-- Data below --
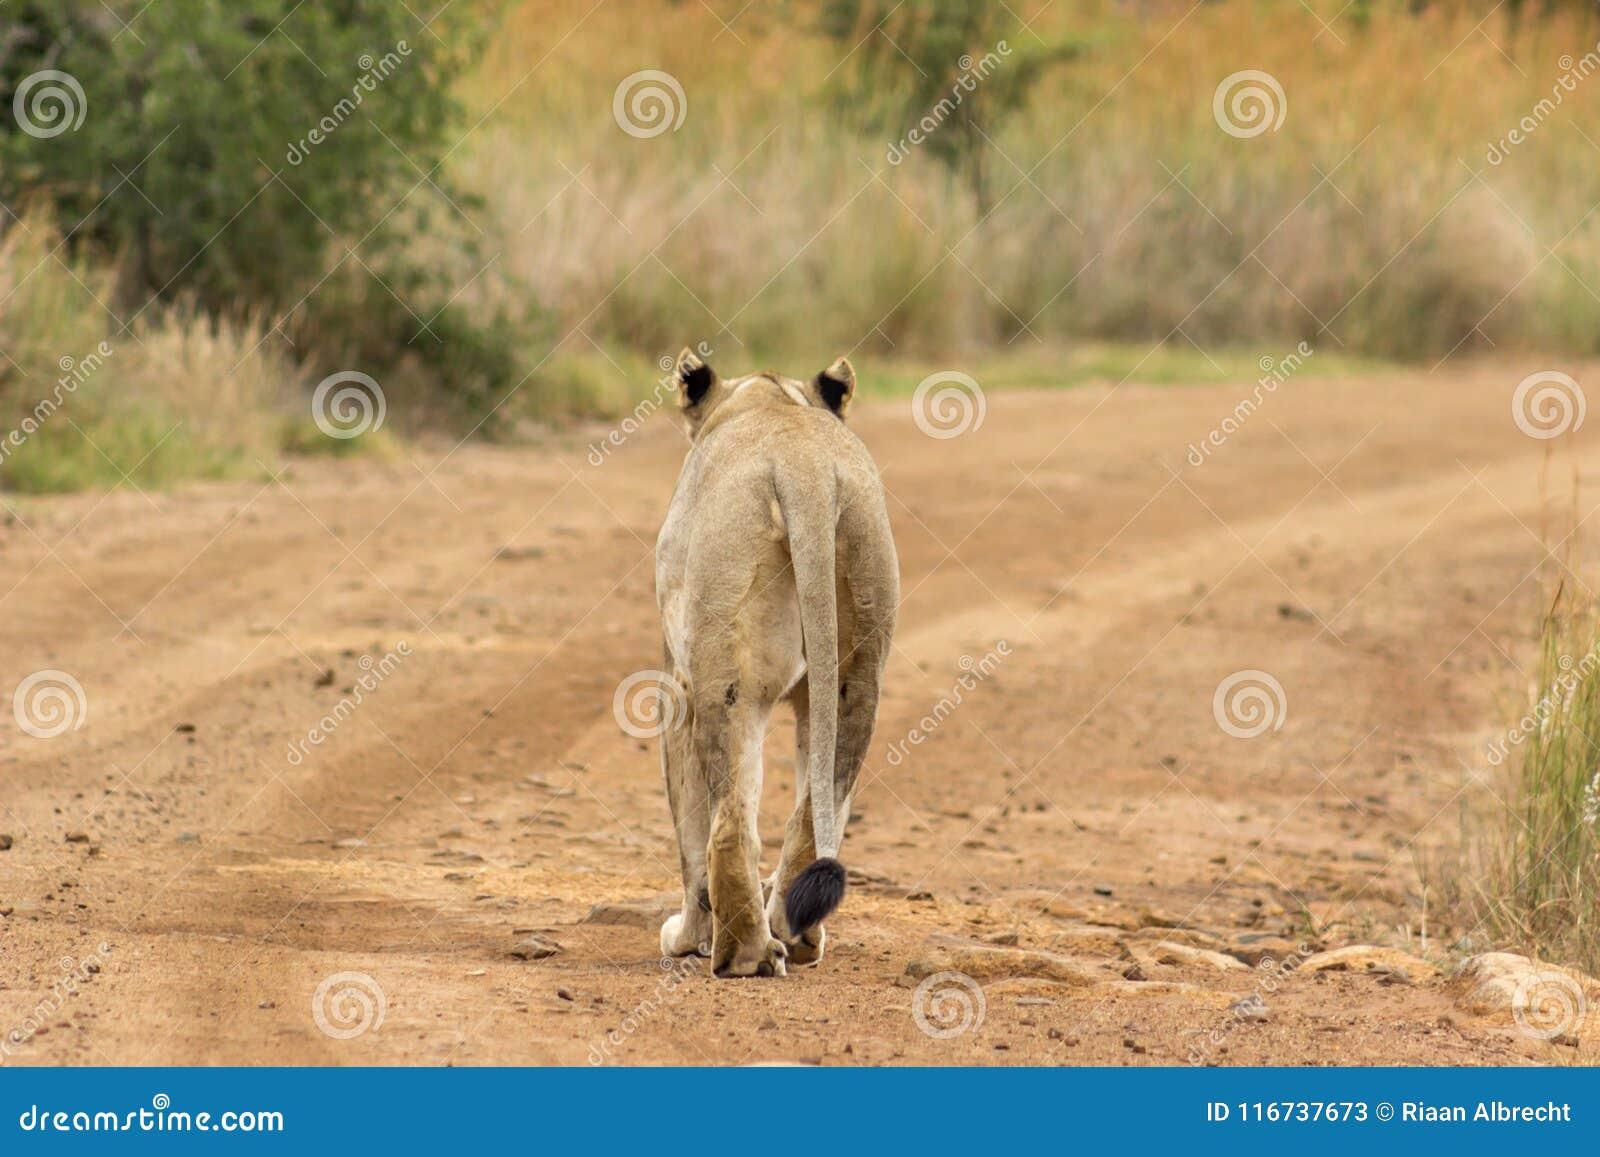 Lionne marchant sur un chemin de terre
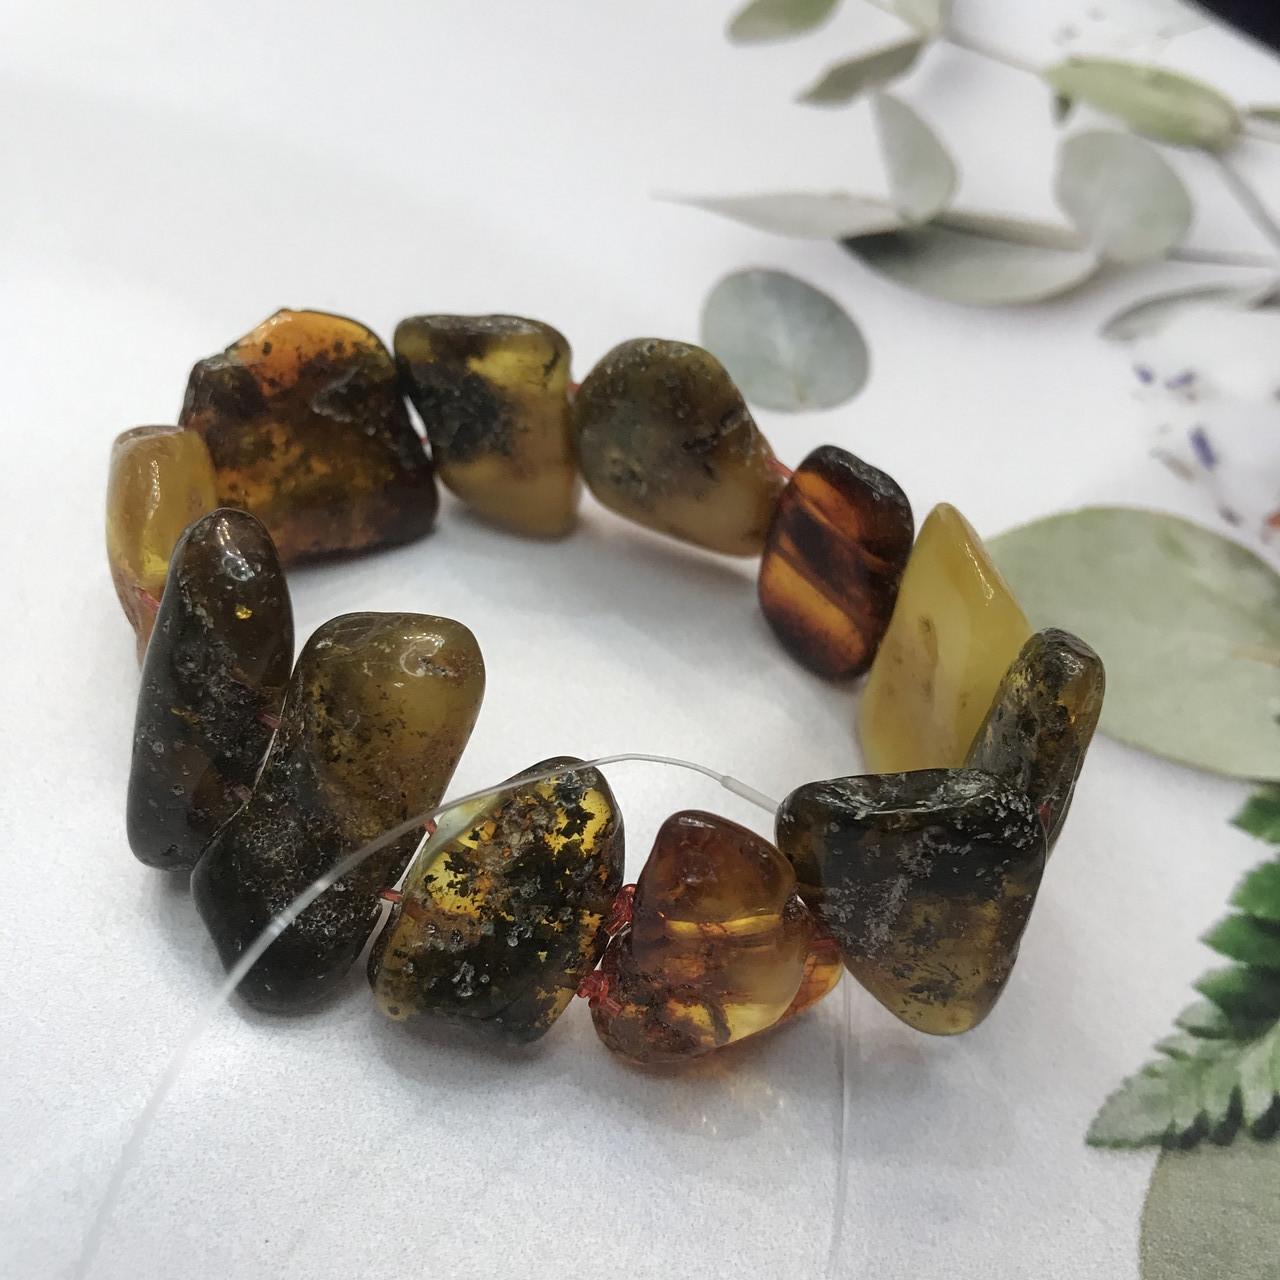 Янтарь браслет натуральный природный янтарь браслет на резинке.
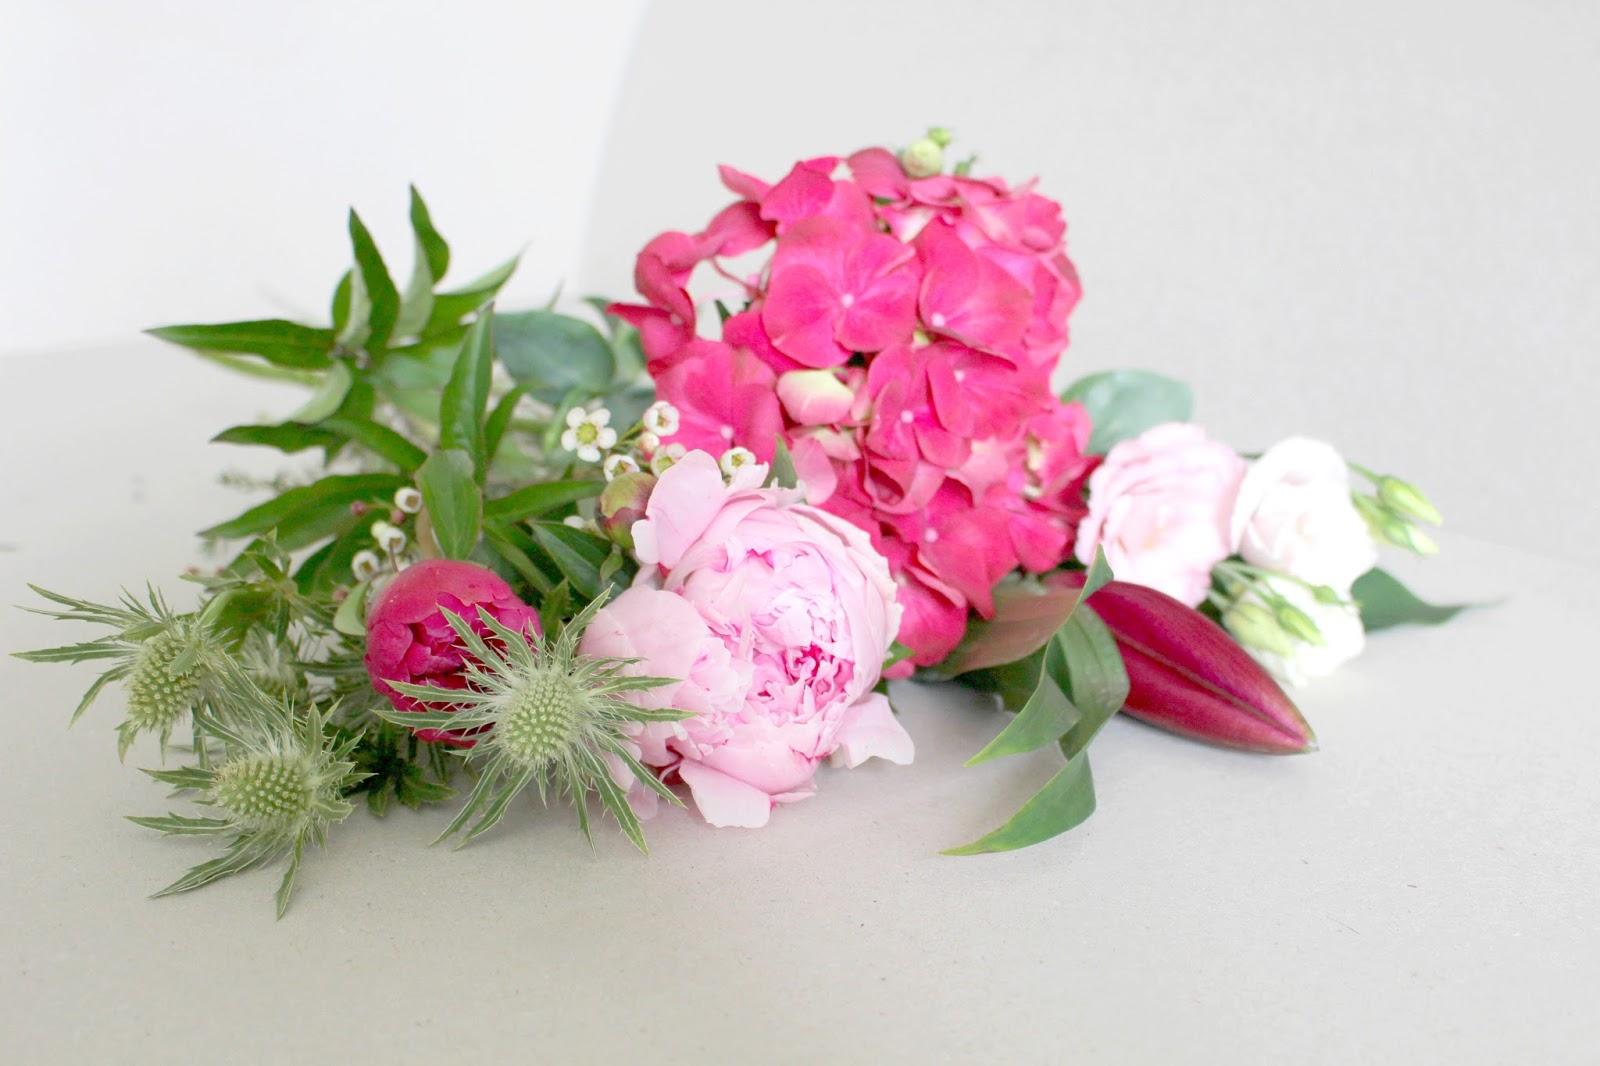 La petite boutique de fleurs fleuriste mariage lyon for Bouquet de fleurs lyon

-- Activity --
A word-for-word copy of all the data is required, minus the pictures.

-- Solution --
 Lionne marchant sur un chemin de terre
 Янтарь браслет натуральный природный янтарь браслет на резинке.
 La petite boutique de fleurs fleuriste mariage lyon for Bouquet de fleurs lyon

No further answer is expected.